9 Historical Novels Set Around the World
The point of historical fiction is to put you somewhere you have never been: a specific place at a specific moment, close enough to smell it. The nine novels below were chosen for the range of those places, from the Bronze-Age Near East to Taliban-era Kabul, and for how completely each one builds its world rather than using the past as scenery. Every entry tells you the place, the era, and the reader it is for, so you can pick the journey you actually want to take.
1. The Red Tent by Anita Diamant
Best for: readers who want the ancient Near East told through the women the book of Genesis left silent.
The Red Tent takes Dinah, a near-silent figure in Genesis, and builds her a full life across Mesopotamia, Canaan, and Egypt in the age of the biblical patriarchs. The red tent of the title is the space where the women of Jacob’s camp gather during menstruation and childbirth, and Diamant uses it to reconstruct a female world of midwifery, household gods, and oral inheritance that the scripture passes over in a sentence. The daily texture is where the setting becomes lived-in: how a birth was managed, how bread and beer were made, how a bride was prepared and handed between families. It is the right pick for readers who want the domestic and the mythic in the same book.
The Bronze-Age Near East rebuilt from the women’s side of the tent.
2. Shōgun by James Clavell
Best for: readers who want feudal Japan at the exact hinge of its history, seen through an outsider who learns he understands nothing.

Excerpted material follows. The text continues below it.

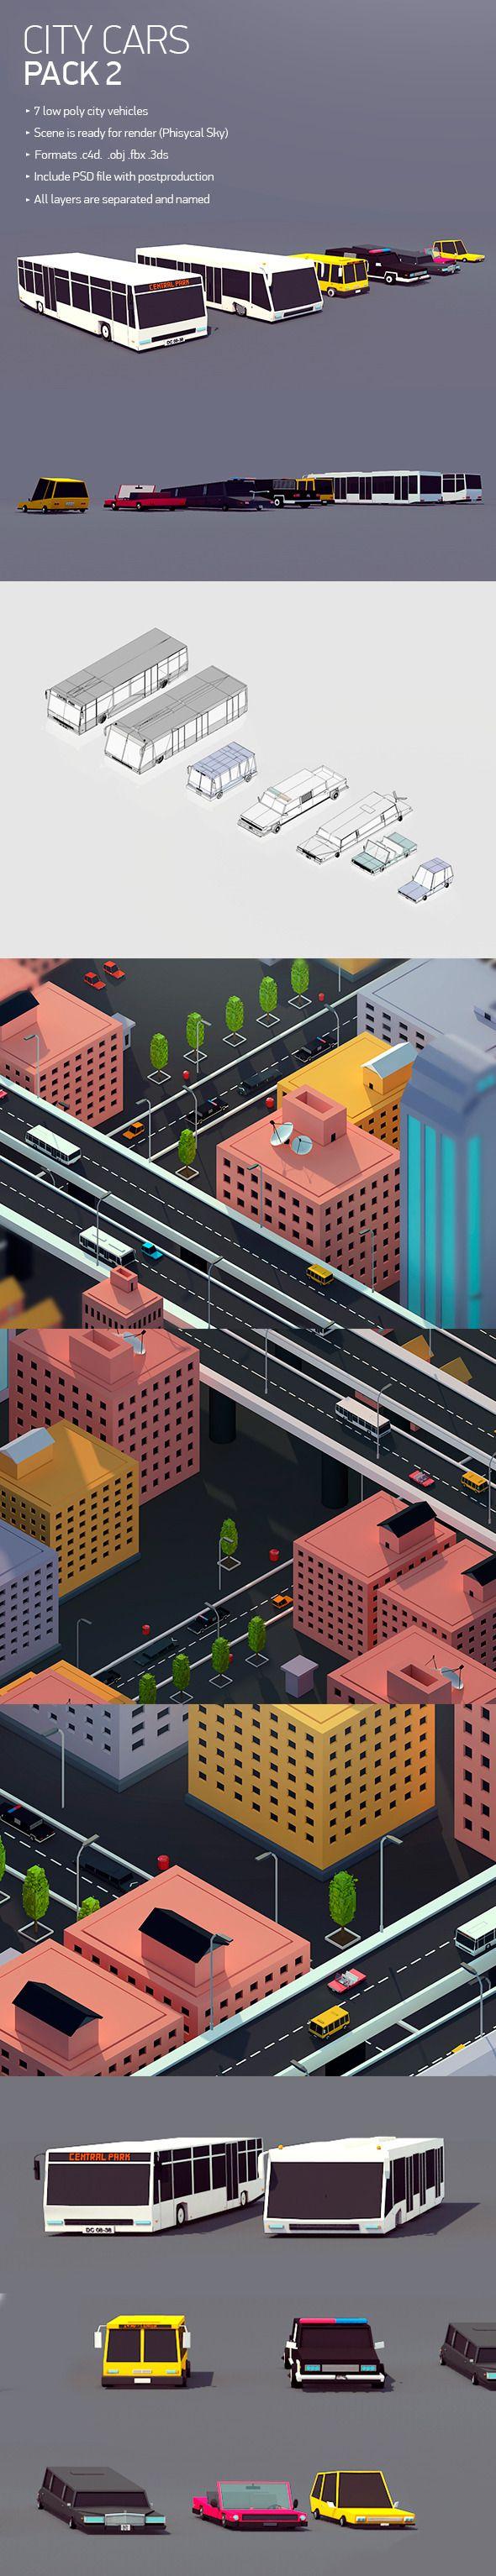 Low poly City Car Pack 2 3D Models Design Template #cinema4d #3D Download here: https://3docean.net/item/low-poly-city-car-pack-2/12764701?ref=yinkira

Shōgun opens in 1600 with John Blackthorne, an English ship’s pilot wrecked on the coast of a Japan almost no Northern European had seen, and drops him into the power struggle that is about to produce the Tokugawa shogunate. Clavell based Blackthorne on the real pilot William Adams and Lord Toranaga on Tokugawa Ieyasu, and the novel’s engine is cultural vertigo: Blackthorne arrives certain of his own civilization and slowly registers that the samurai world around him is more ordered, more lethal, and more refined than anything he knew. The detail work is what makes the setting total rather than exotic: the tea, the bathing, the layers of language, the seppuku, the etiquette that can decide whether a man lives to the end of a sentence. One honest note: it runs past a thousand pages, so this is an immersion, not a weekend.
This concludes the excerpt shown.